» **INFORMATION SHOWN**:
════════════════

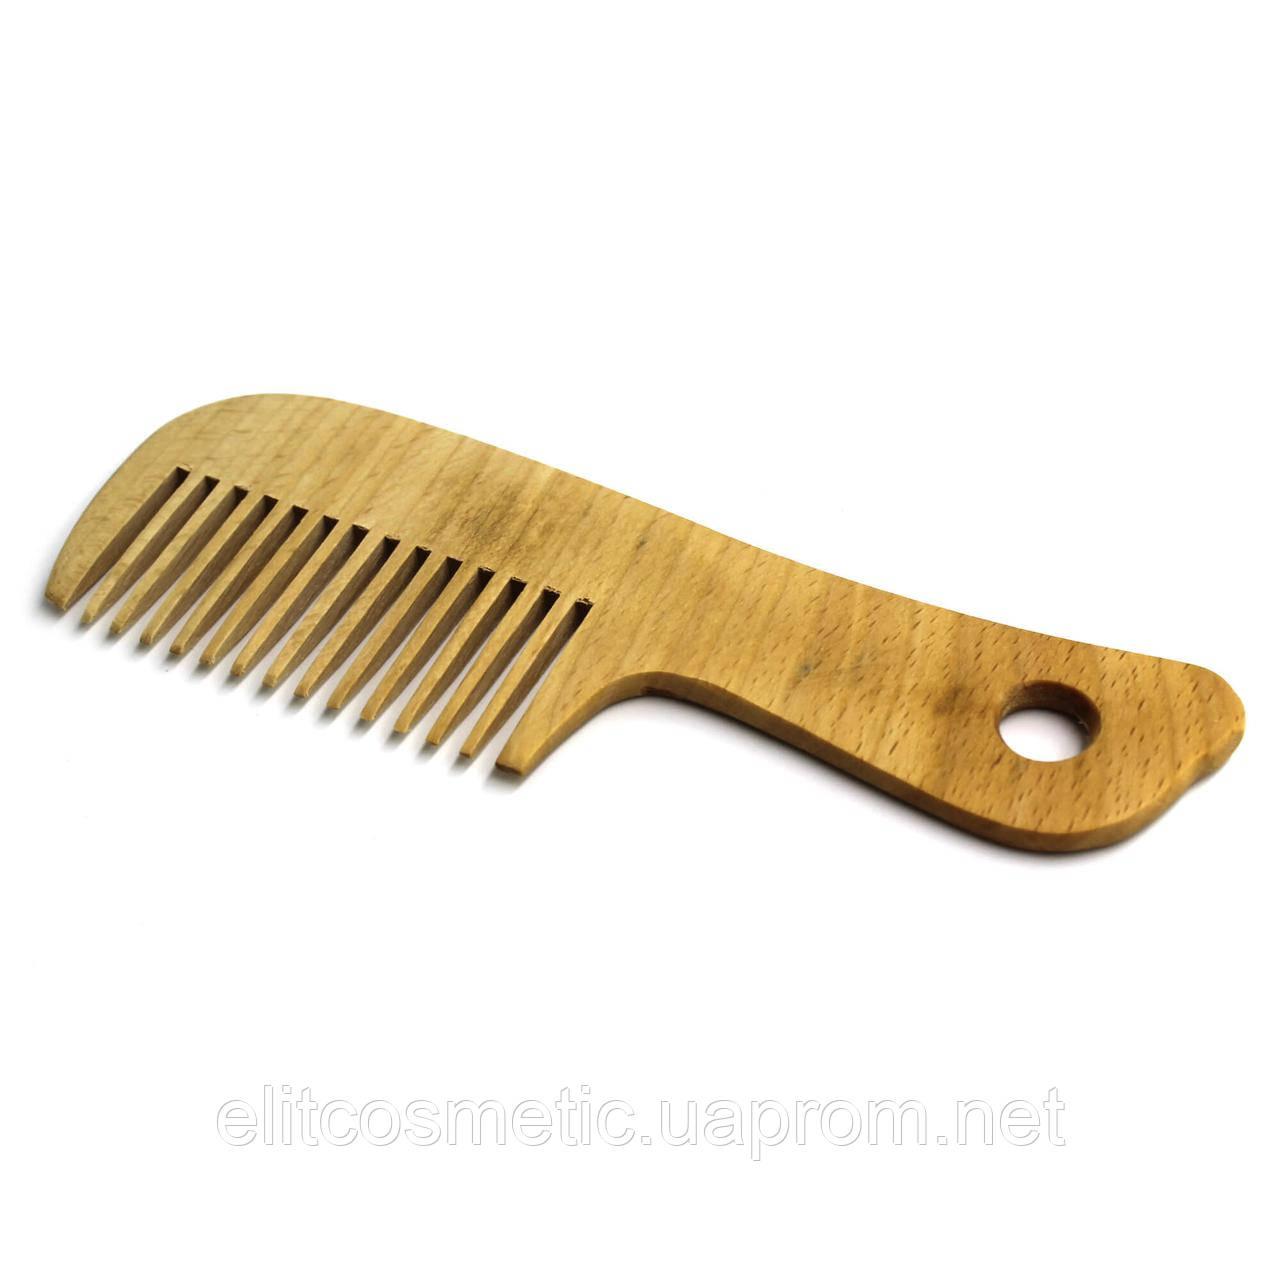 Гребень для волос  из дерева SPL 1553
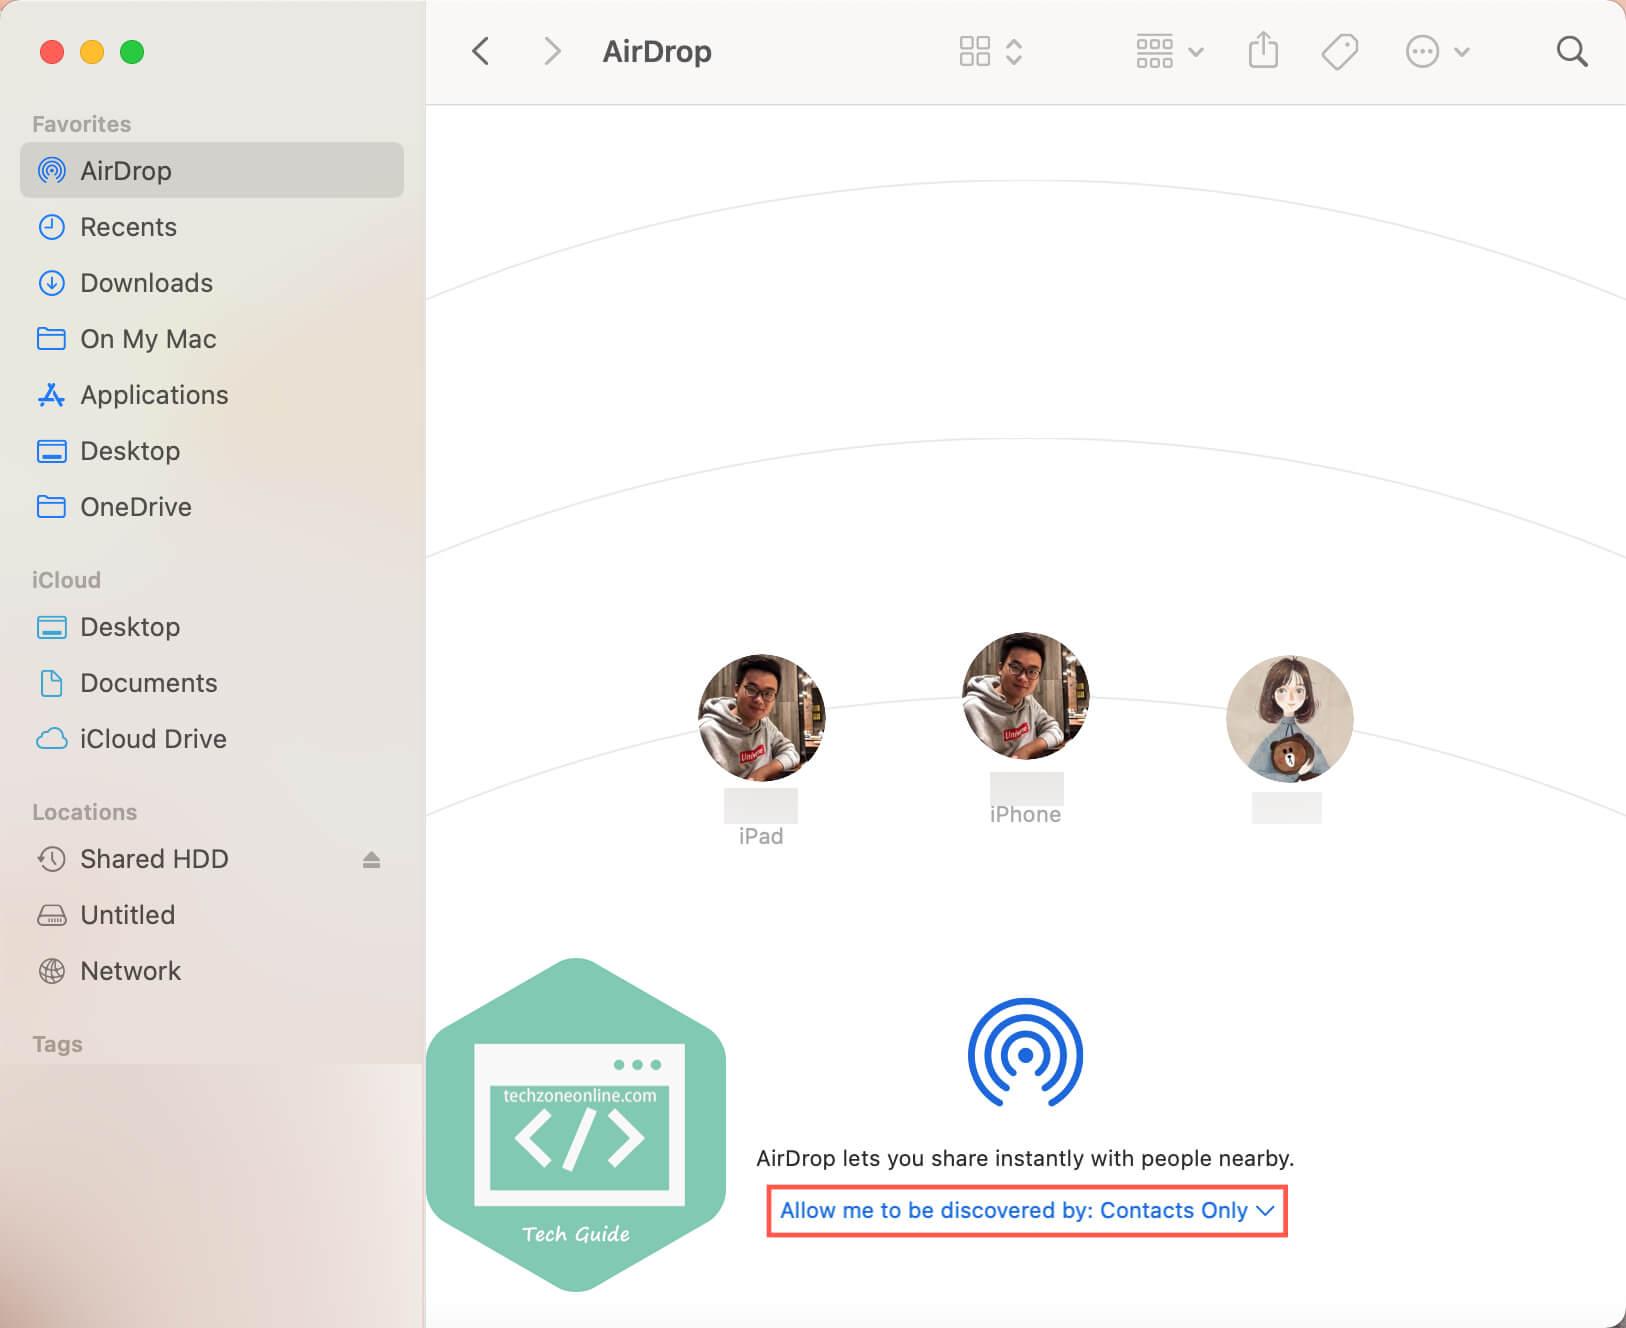 tweak AirDrop receiving setting on Mac
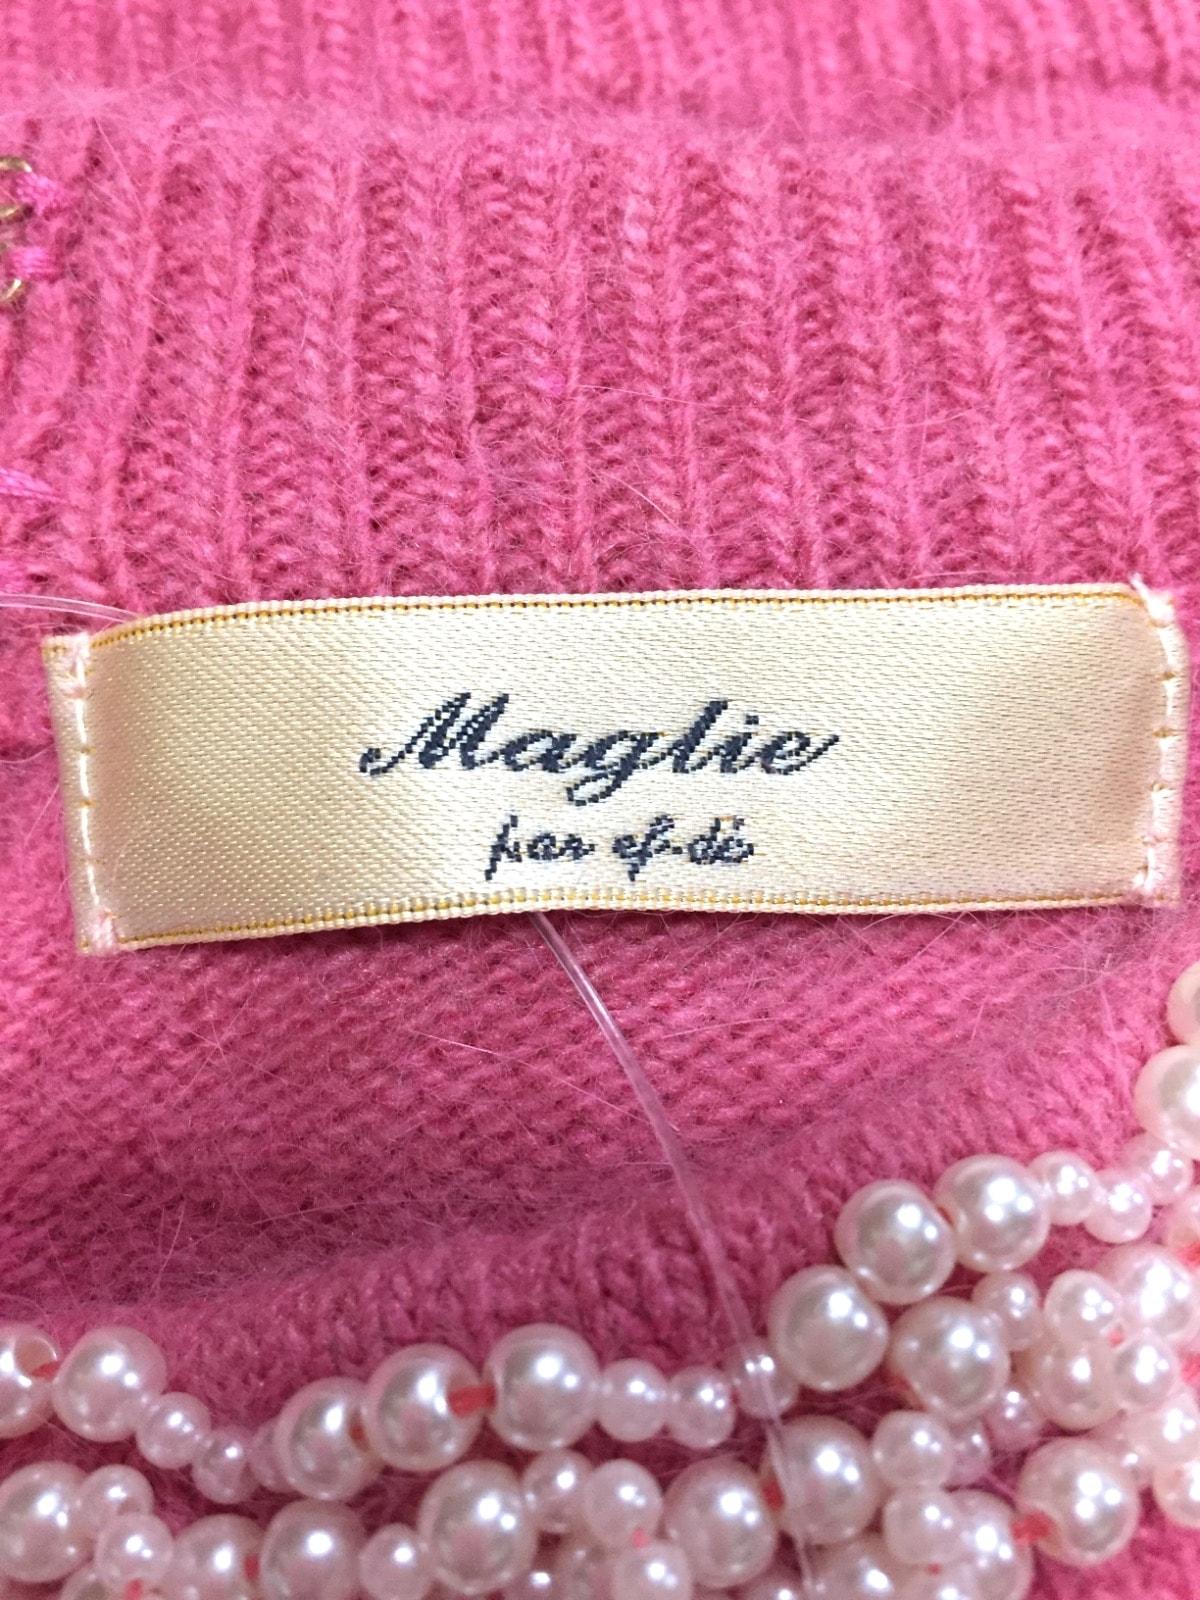 Maglie par ef-de(マーリエ)のセーター

════════════════

» **EXERCISE DETAILS**:
What should appear is an exact reproduction of the lines from the one with "tweak AirDrop receiving setting on Mac" through the end of the material above, and no pictures.

» **ANSWER BELOW**:
 tweak AirDrop receiving setting on Mac
 Maglie par ef-de(マーリエ)のセーター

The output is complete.